I doubt that there has ever been a saint or theologian who did not have doubts about faith. The list of doubters includes the Apostle Peter, Augustine, Anselm, Aquinas, Julian of Norwich, Martin Luther, Dietrich Bonhoeffer, and Mother Teresa—not bad company for those who sometimes struggle with belief. After all, the claims that faith makes are rather grand: God created us; we have souls; God watches over us; God will judge us; there is an existence after this one; our actions in this world, at least in part, may determine our fate in the next; God has been revealed to us in texts, persons, and events.

It would be hard not to doubt some (or all) of these claims at some time during our lives. Those of us who take faith seriously and are critical thinkers in other aspects of our lives—for example, asking, Is the President lying to us? How do analysts predict the behavior of the stock market? Is it safe to trust technology?—naturally raise questions. Religious faith is not immune from such scrutiny. In fact, a little skepticism is a healthy thing. Those who think through their commitment to faith by raising critical questions can offer more than emotion, more than opinion, and more than personal history or indoctrination to explain their beliefs.
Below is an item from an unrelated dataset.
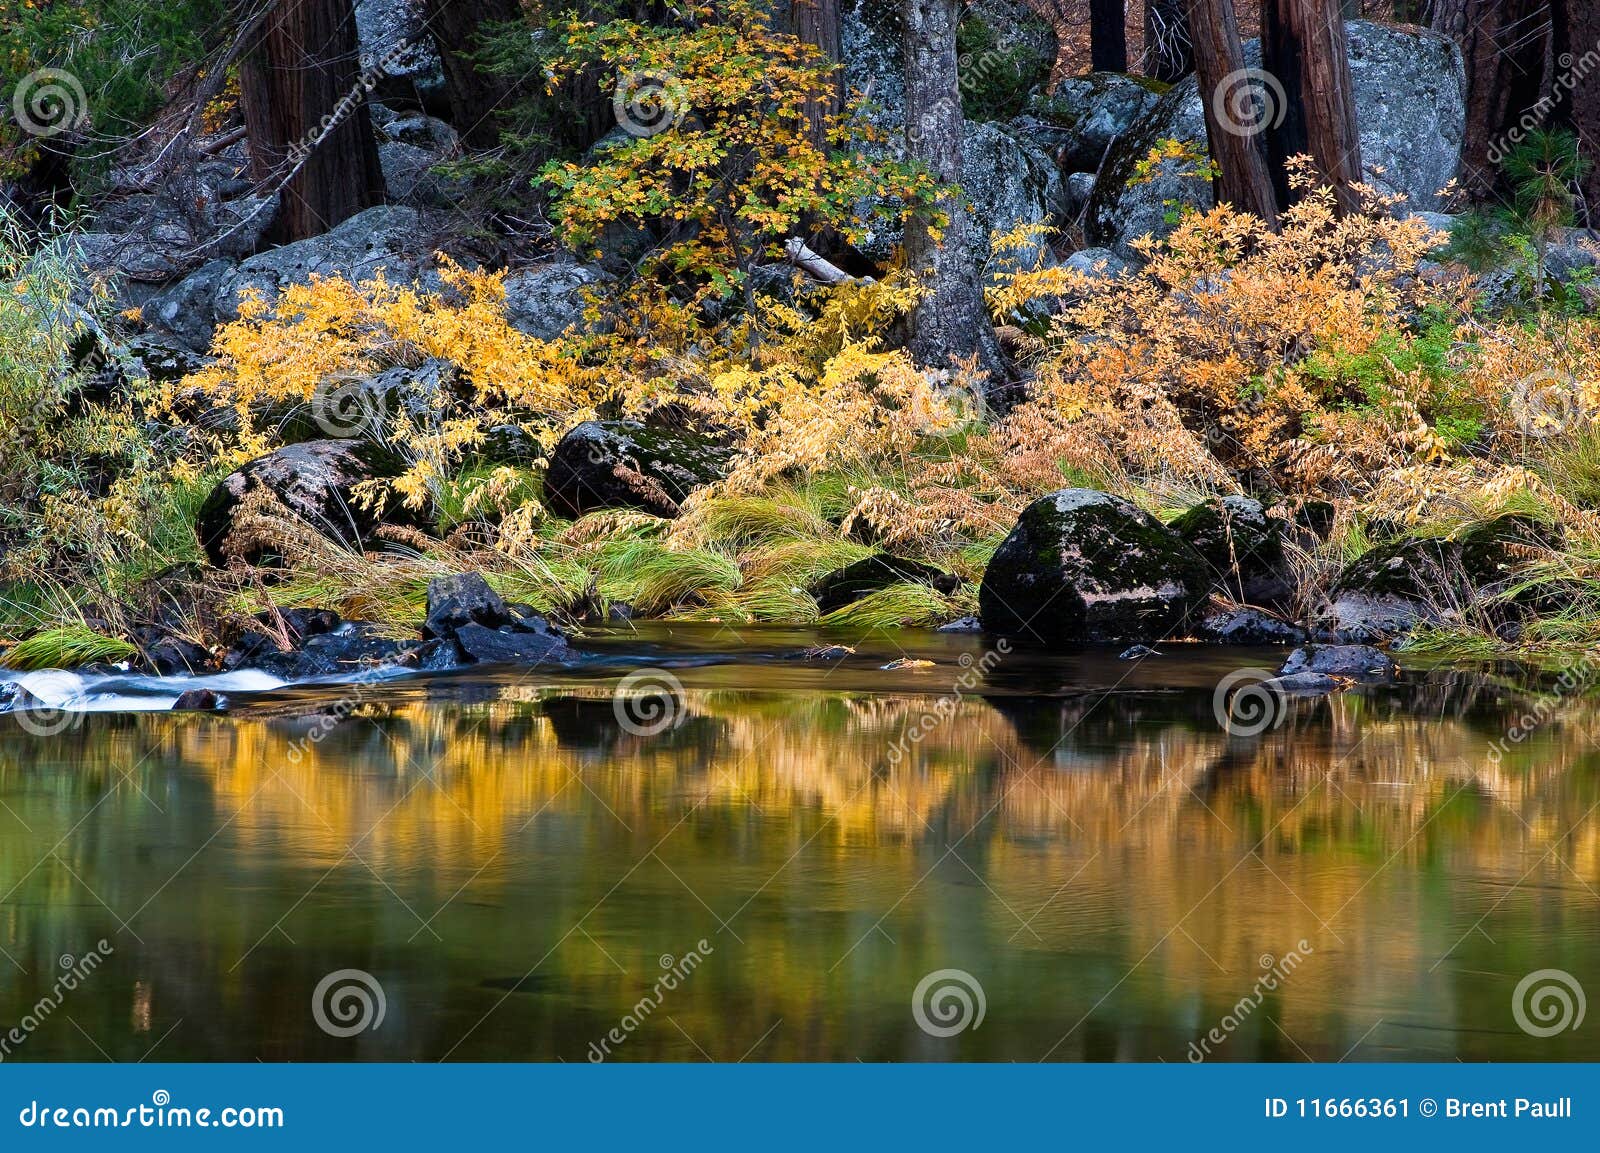 merced river in autumn
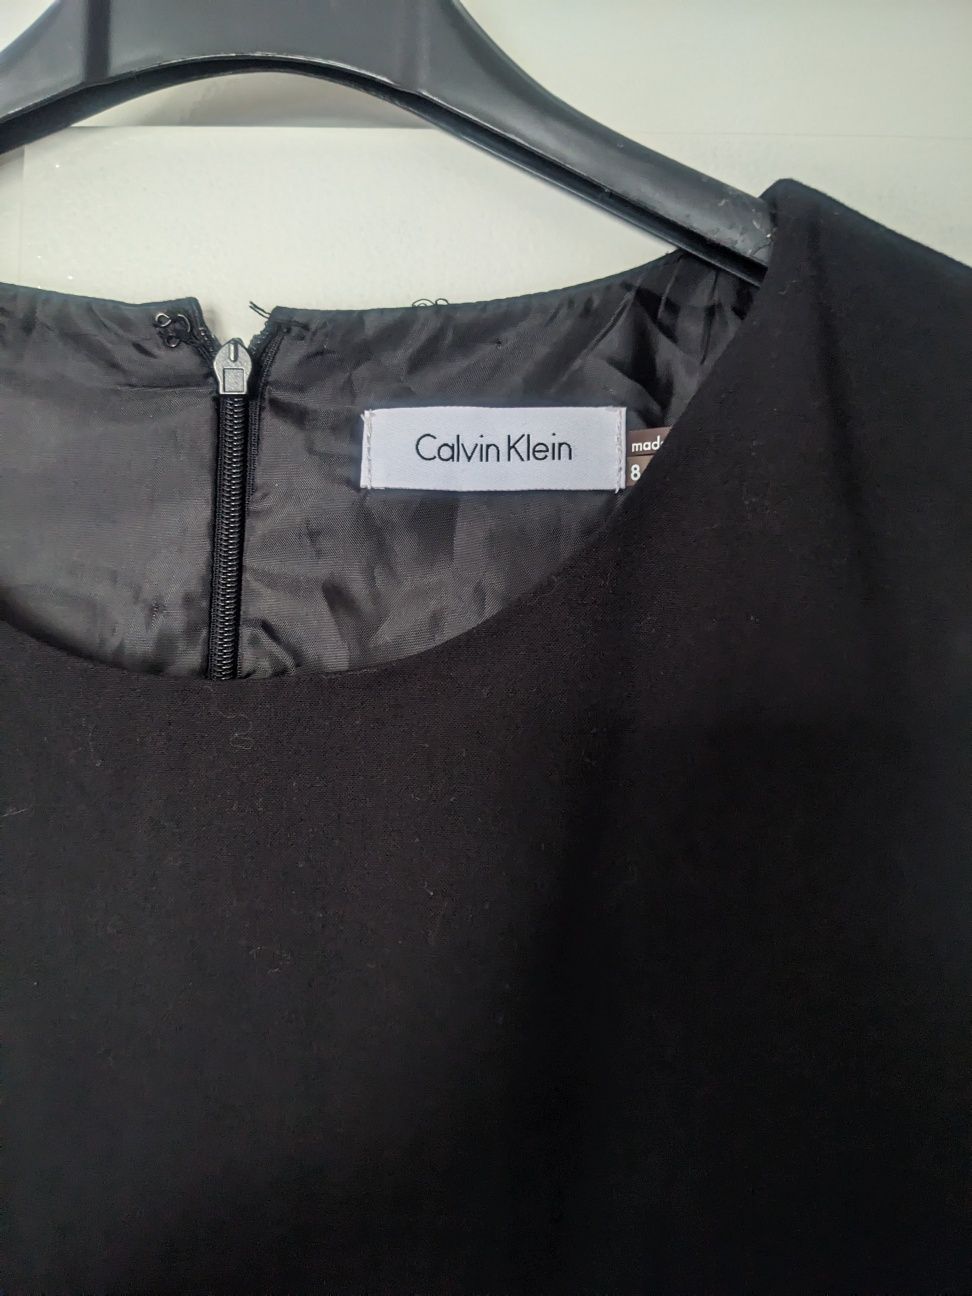 Sukienka Calvin klein mała czarna elegancka ołówkowa prosta dopasowana

Given the choice between an uncritical and naïve appropriation of faith and Mother Teresa’s admitted struggles with her faith, I join the diminutive woman with wrinkles on her face and light in her eyes who, when asked by a journalist why, given her resources of a band of Sisters who owned only as much as the poor they served, she continued to struggle against poverty with virtually no chance of success, responded: “God, did not call me to be successful. God called me to be faithful.” Being faithful does not mean being uncritical, or mindless, or unwilling to question even our most deeply held convictions of faith. Mother Teresa persevered in faith despite her doubts. We, too, may doubt but have faith without fear that we are being untrue to our faith or to ourselves.